Further hearings were conducted by the commission and testimony was produced which emphasized the difficulties in traveling to and from the Upper Peninsula and in traveling from one part of Michigan to another. On July 22, 1948, the commission vacated the interim order and issued another. It stated that:

"The jurisdiction of this commission has been challenged upon the ground that the train service to be ordered furnished by railroad carriers operating in the Upper Peninsula of Michigan, might carry or connect with interstate commerce, and therefore come under the jurisdiction of the interstate commerce commission. We feel this objection to be without merit in the instant proceedings. We are primarily addressing ourselves to securing additional, necessary, intrastate rail service for the Upper Peninsula, and simply because such intrastate passenger service may carry or connect with interstate service, it does not deprive this commission of jurisdiction to make such reasonable order or orders as will accomplish this purpose."
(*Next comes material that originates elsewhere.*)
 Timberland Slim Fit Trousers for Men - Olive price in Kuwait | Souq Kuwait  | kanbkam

*295 In the new order the Milwaukee was required to run the Chippewa, or a portion of it, after its arrival from the south at Channing at 7:55 p.m. through to Champion, arriving there approximately at 9:15 p.m. or, in the alternative, to provide a passenger train to be operated between Channing and Champion on the same schedule. It was further ordered to schedule and operate a passenger train between Champion and Channing, leaving Champion at approximately 12:40 p.m., and connecting with the southbound Chippewa leaving Channing at 2 p.m. The South Shore was ordered to adjust its schedule to make connection with the Milwaukee at Champion and to carry the Milwaukee passenger coach to Marquette, and from there to Calumet, and back to Champion.

The Milwaukee filed a bill of complaint in the Ingham county circuit court to set aside this order and restrain it from requiring any further operations thereunder. It contended that the commission was without jurisdiction and that the order was so unreasonable, arbitrary, prejudicial and confiscatory as to deprive it of property without due process of law.
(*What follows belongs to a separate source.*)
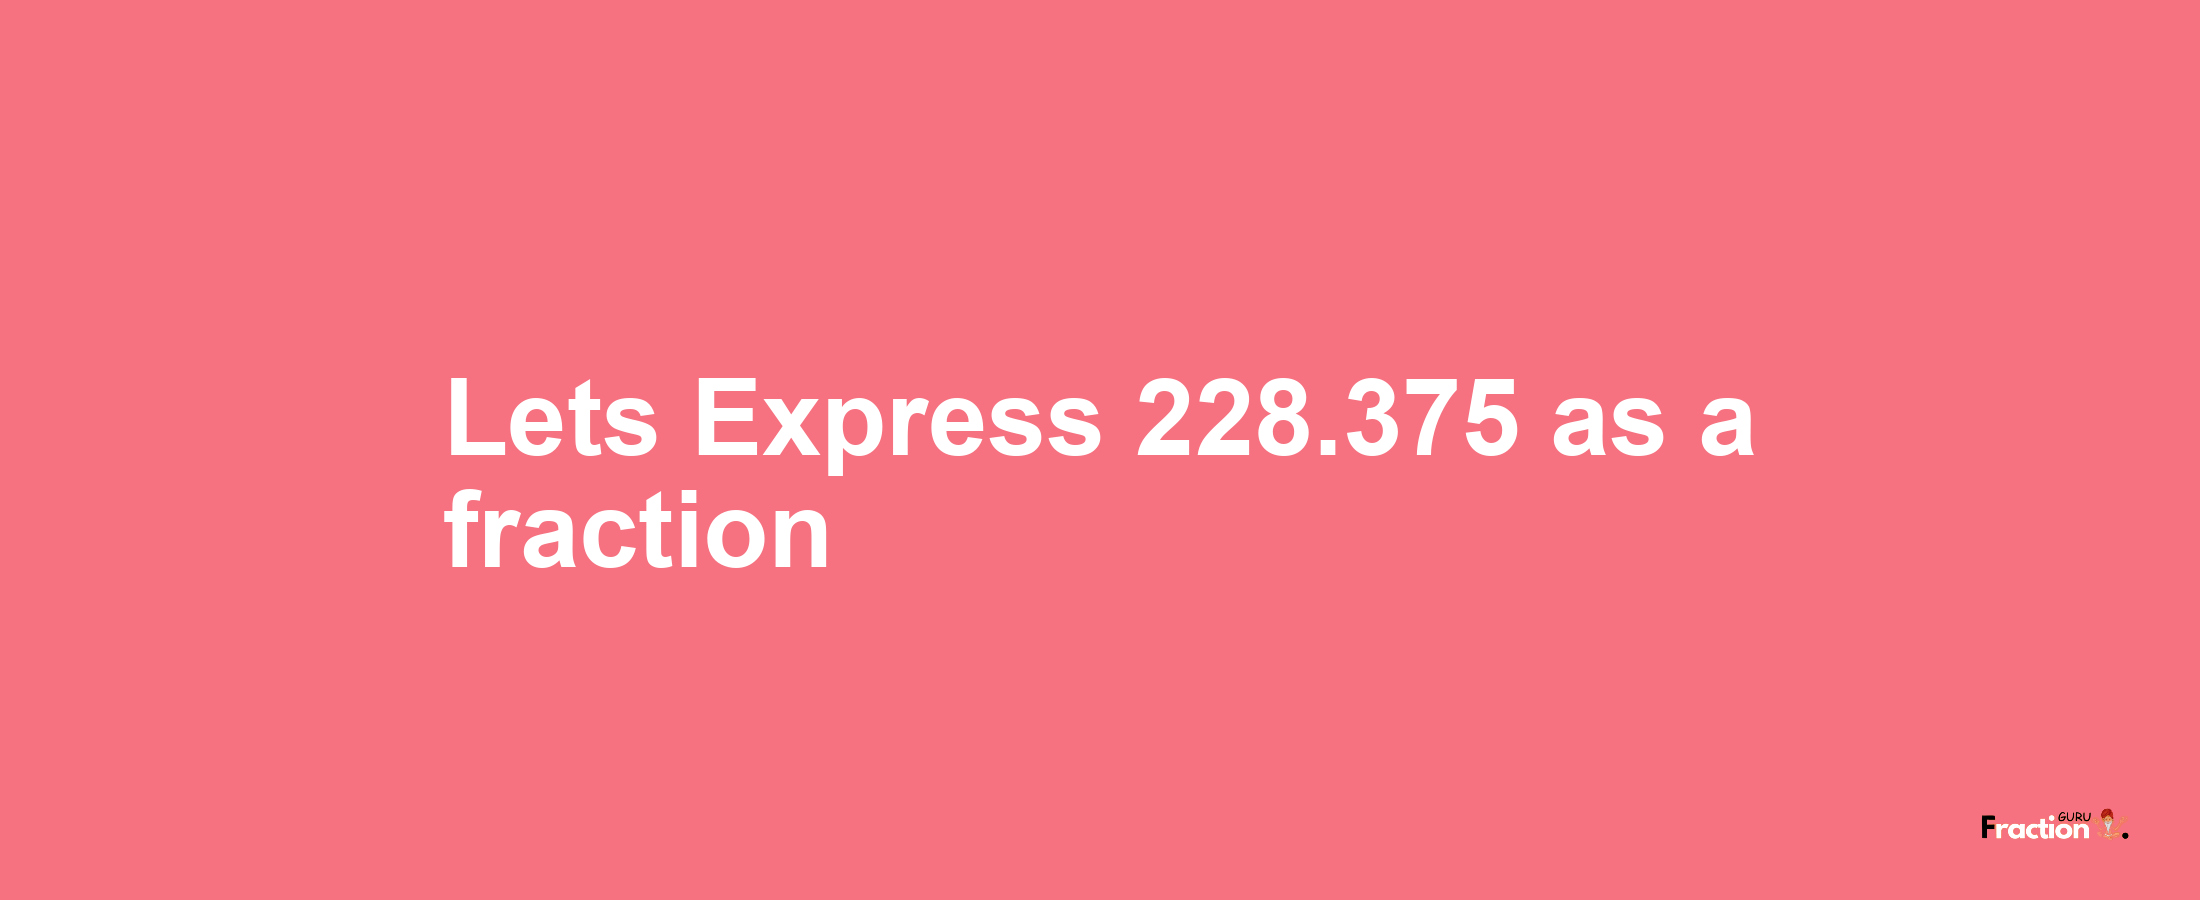 Lets Express 228.375 as afraction

The trial judge, after hearing testimony, concluded that:

"The primary objective and real purpose of the defendant commission was, and is by its order, to secure an additional interstate operation which is outside its authority to order, and that the intrastate operation was an afterthought, secondary, and belatedly shown, to accomplish its primary objective. Even though inadequate intrastate train service may exist, nevertheless the commission, in my opinion, can not order that inadequacy eliminated for the real purpose, as appears here, of having additional interstate service emanate therefrom."

*296 A decree was entered setting aside the order of the commission and restraining it from requiring any further operations thereunder.
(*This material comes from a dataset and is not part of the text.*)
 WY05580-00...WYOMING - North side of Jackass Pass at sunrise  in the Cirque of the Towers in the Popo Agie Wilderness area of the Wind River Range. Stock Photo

In Michigan Central R. Co. v. Michigan Railroad Commission, 183 Mich 6 (Ann Cas 1916E 695), and People v. White, 197 Mich 283, it is stated, in substance, that the power of Congress to regulate interstate commerce is paramount, exclusive, and broad in its scope. It is, however, well settled that, in the absence of conflicting legislation by Congress, a State may regulate commerce within its borders, although interstate commerce may be affected as long as the State's action does not discriminate against or unreasonably burden interstate commerce, and is related to a matter of local concern. People v. Bob-Lo Excursion Co., 317 Mich 686; Bob-Lo Excursion Co. v. Michigan, 333 US 28 (68 S Ct 358, 92 L ed 455).

In Cities Service Gas Co. v. Peerless Oil & Gas Co., 340 US 179, 186 (71 S Ct 215, 95 L ed 190), the court said in this respect:

"The only requirements consistently recognized have been that the regulation not discriminate against or place an embargo on interstate commerce, that it safeguard an obvious State interest, and that the local interest at stake outweigh whatever national interest there might be in the prevention of State restrictions."